(Closed) Self Esteem Took Another Hit

posted 3 years ago in Relationships
Post # 31
Member
666 posts
Busy bee

The first thing that went through my head upon reading this was, “that f-ing Pelayo.” Your guy sounds like a guy I know. He’s also the type of guy who goes to stop clubs on a Wednesday afternoon. He accidentally texted me an invite once lol. 

Pelayo’s a really good guy. If you’re a guy. Unfortunately he treats women and his girlfriend like carp. He has an amazing sexy girlfriend but constantly chases and objectifies other women due to his self esteem issues (which I’ve always thought strange because he’s fairly attractive). The kicker is that he knows he has an amazing girlfriend and does wrong by her. Once he got drunk and broke down crying to me that he was a scumbag and didn’t deserve her. I  know that he’s cheated on her again since then with a girl who could never measure up. 

I bring up this story not to suggest that your boyfriend is a cheater like Pelayo. I don’t even know him. I mean to say that your boyfriend is who he is. From his lying, he already knows that this hurts you but he won’t change unless he is forced to. It doesn’t matter how amazingly sexy or cool you are or become. Put your foot down because he’s not going to suddenly see the light. 

Post # 32
Member
2782 posts
Sugar bee
  • Wedding: November 2013

Being the “cool gf” never helped any guy actually get to know his woman.

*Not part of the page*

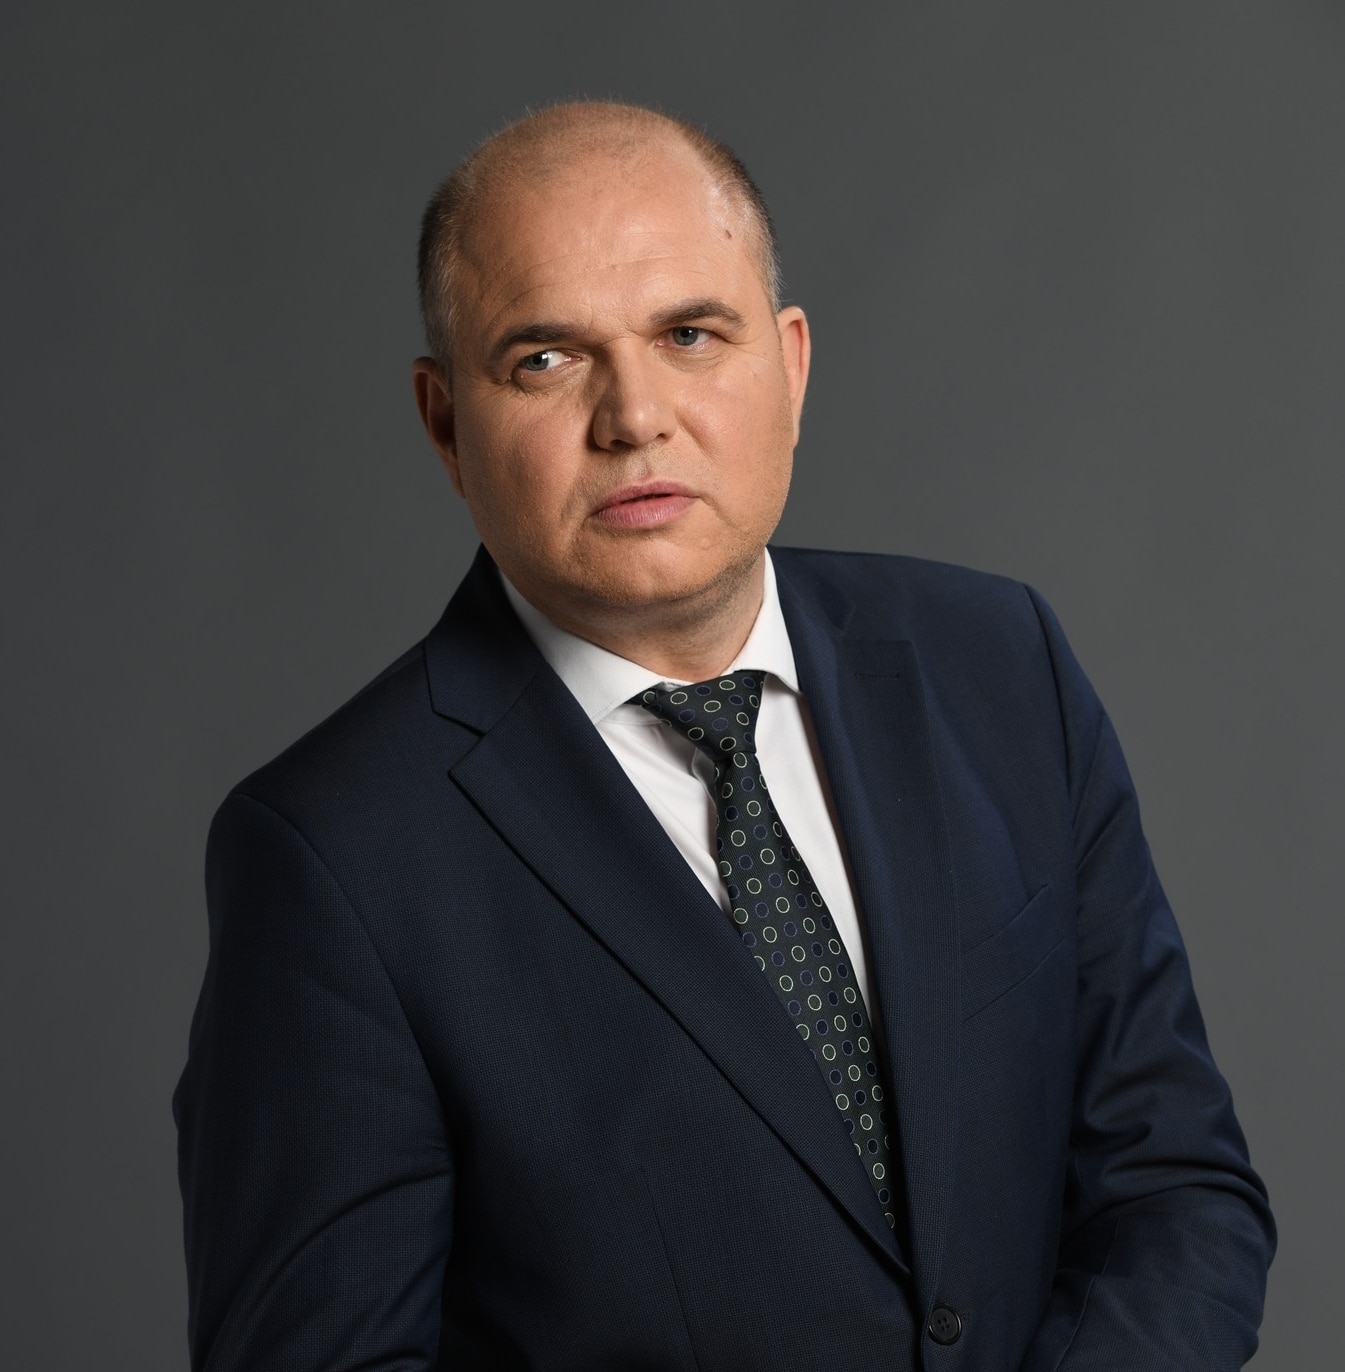 Политикът и общественик Владислав Панев написа коментар в социалната мрежа

It never helped any woman actually open up to her man.

It never helped any couple deepen their bond – in fact it prevents this from happening since you maintain a cool, airy, superficial relationship.

It is also based on acting and lies so you help a poor schmuck fall in love with an idealized version of yourself. If the relationship ever tries to take a step forward both parties feel resentful (One Bc they acted, the other bc they’ve been had! Bait and switch!).

Be honest Bee. With yourself (the writing is on the wall) and with him. 

Post # 33
Member
286 posts
Helper bee

Okay, I am absolutely no expert in this area, but is it possible that your boyfriend has a genuine problem along the line of porn or sex addiction? From your posts it’s obviously neither of those things, but his behaviour to me sounds a little like an alcoholic trying to find ‘casual’ ways to get hold of booze during the day. Going to the strip club in the day and then lying to you about it is very strange behaviour. 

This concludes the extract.